I’ve been thinking about what Albert said. About the most valuable thing — time and health. Love being what we leave behind. Family, what we make it. Maybe when this baby comes, I’ll go with the Railroad. And maybe, if Albert’s well enough, the both of us, all three of us, could go together and be family. North, south. No matter.

I give him another sip of his water and he flinches ’cause the cup touched the wrong part of his lip. I cringe, too. He takes deep breaths to calm his pain.

“Here,” I say. “Drink some more whiskey.”

He pushes it away.

“Don’t you want to get better? Not get the infection?”

He tries to speak.

“Don’t talk. Just scrunch your eyes. . blink once for no, twice for yes.” I look at him. “You understand?”

He blinks twice.

“Good. I need you to drink your whiskey. Just ’til you’re better, then you don’t have to drink it no more.”

He looks around his shop one-eyed. A line of gray puss is caught on his lashes joining the top and bottom together. He starts huffing and crying.

I say, “I been keeping it clean for you. I plan to do more sewing and hemming work from Cynthia and maybe when you’re healed, you can show me how to do what you do. Make pretty metal. Don’t matter I’m a girl.”

He blinks once, then shakes his head, a little, then forces words out even though he promised not to. “I don’t need no more of your help,” he say.

“Stop talking. You gon’ crack your face and get the infection.”

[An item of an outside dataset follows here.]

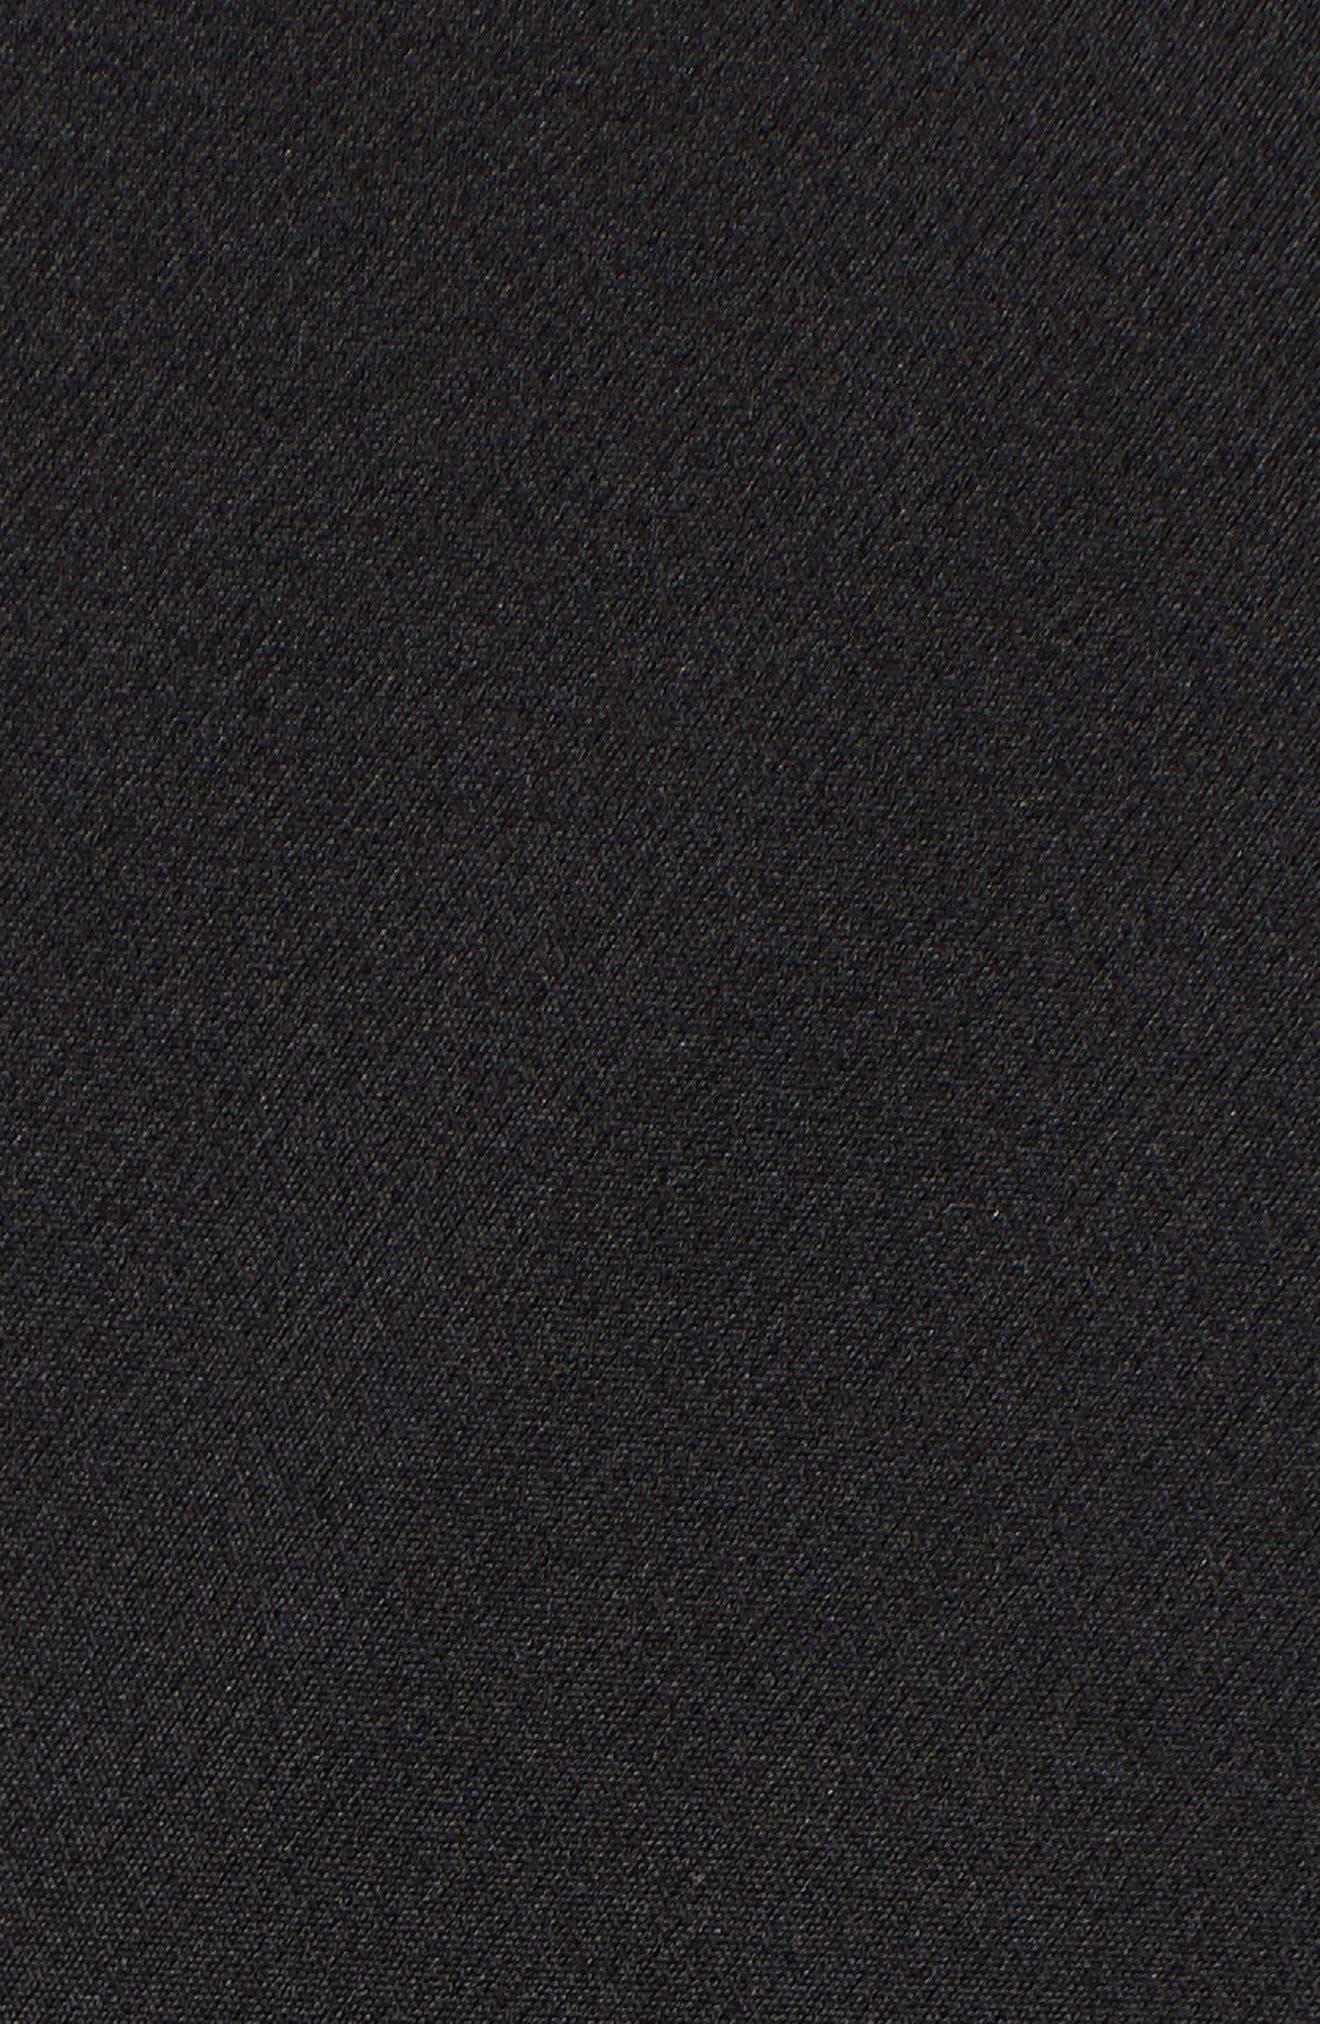 Popover Strapless Jumpsuit,                             Alternate thumbnail 5, color,                             Black

“You don’t owe me nothing,” he say, his words cracking the skin at his temples. Blood starts running down the side of his face.

Damn.

39 / 1870, Tallassee, Alabama

I BELIEVE IN REDEMPTION.

And Tallassee, Alabama, is redeeming herself, making the bad things that happened here better. Greening it over with her vines folded into walking paths, and climbing them up tall and wide things, erasing the brown of dirt and dead with the living. Full trees and bushes are crowding open skies, turning once-blue spaces to shade. Everything around her is coming back. Sagging limbs and leafs of many kinds — square and round, prickly and straight — are weighty on her branches like jewelry. Her mosses are furs. Tallassee is finding her way. Reclaiming her land. There’s no one to cut her to pieces or temper her spirit now. Five years since freedom, just over four since my grandbabies birth, and now benches and tools are swallowed by her rising tide. Fence posts and garden statues consumed. Redemption is taking place. It’s what happens to a plantation with no slaves. Where there were once fifty bodies and a hundred hands, there are now only four — two hands for Norah and two for Gwen. They’re sharecroppers who used to be slaves and still live on this plantation but get paid with crops and are free to leave.

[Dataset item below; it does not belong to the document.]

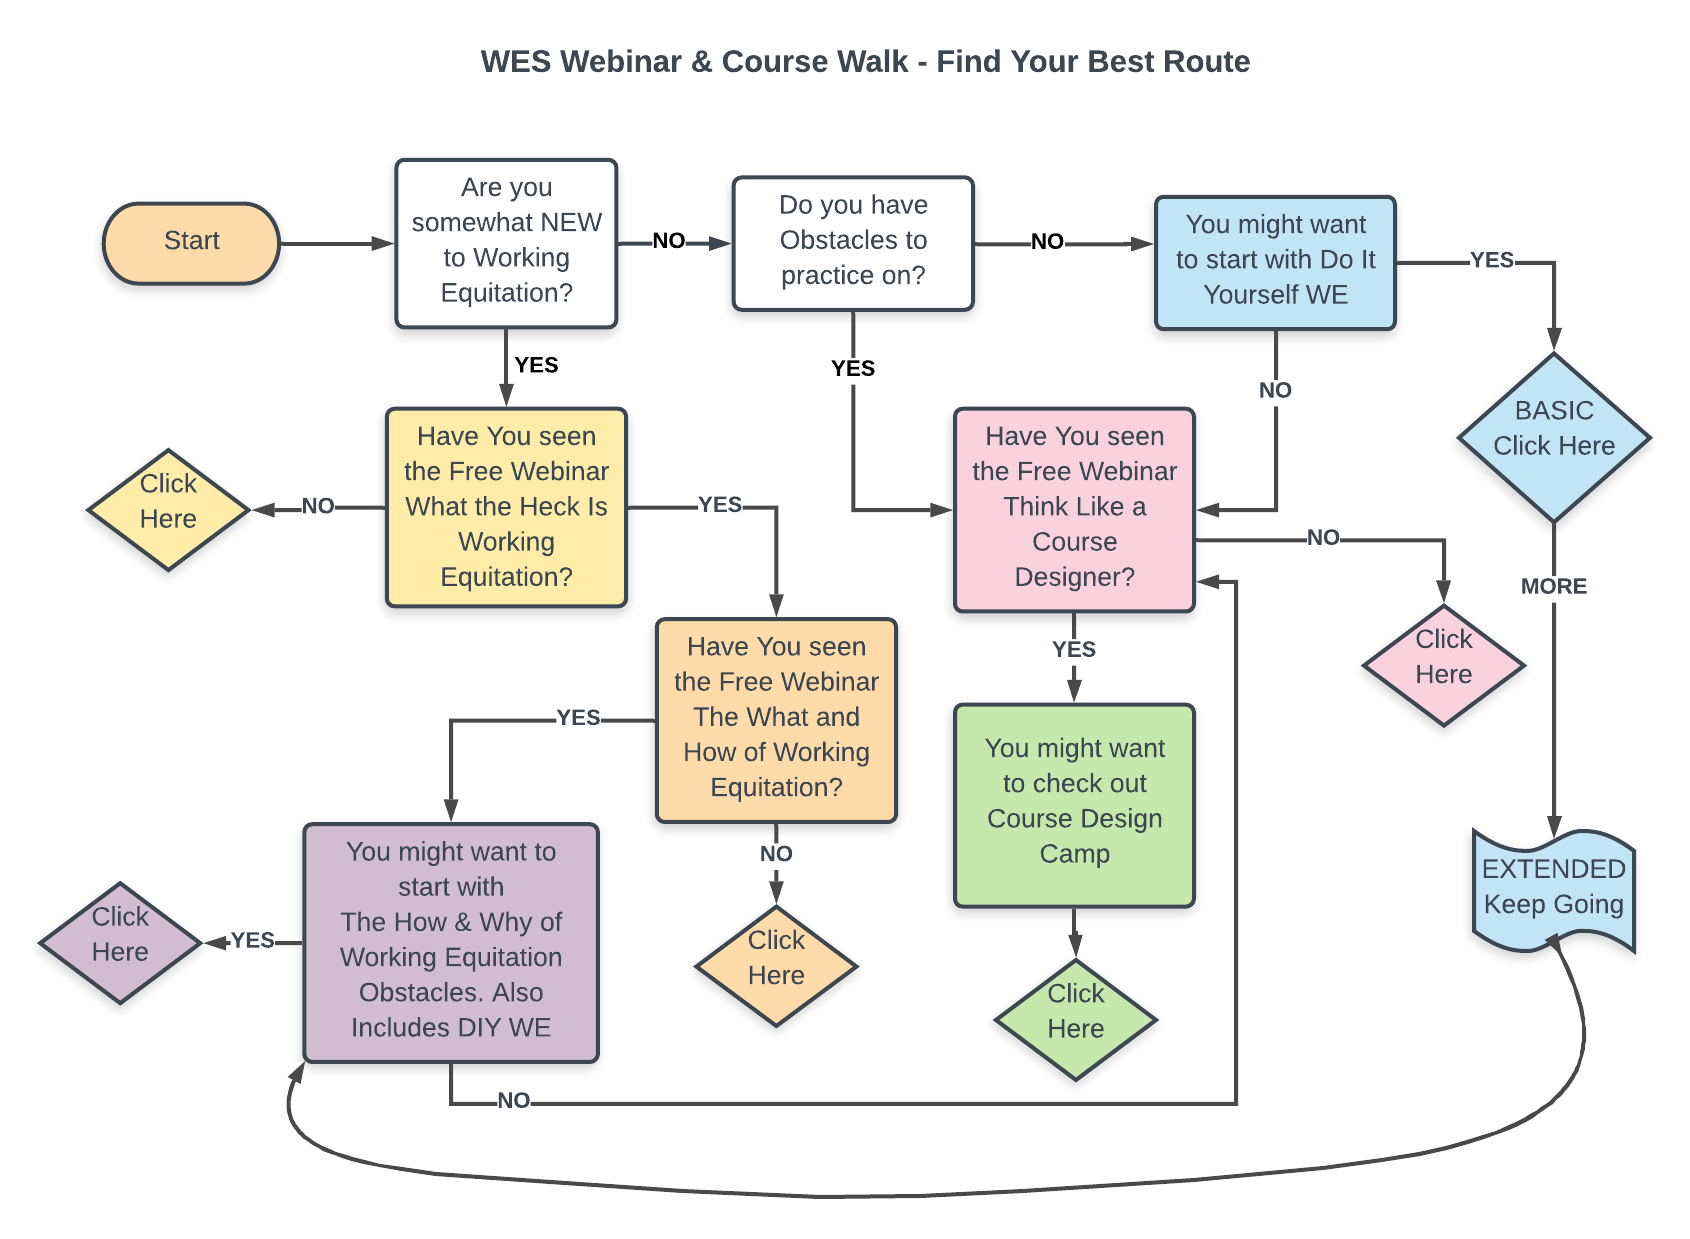 Find your best route flowchart

It’s her time and Tallassee don’t owe nobody nothing.

I follow Josey through her, along a double-wide path worn by possums and prey. Possums, ’cause don’t nothing eat possums but people. Possums have nothing to fear ’til it’s too late.

Josey fast-walks beneath low-hanging branches that have grown back since Jackson’s ax last touched ’em. Their shade makes darkness here now. They’re only cut by white-tailed deer in winter while they’re shedding their antlers for summer horns. In the end, those horns’ll look like the unclenched hand bones of giants.

Josey keeps her head down, pushing forward past pine. She’s got paper stamps hanging out the side of her shoe that she’ll use at market to pay for food. The drought here has lasted too long.

She still got Charles’s three coins that he left her with before he went. She won’t spend it. She’s made her own money trading stamps for things she make with cotton — socks and under clothes. Cotton is everywhere and the cost is free.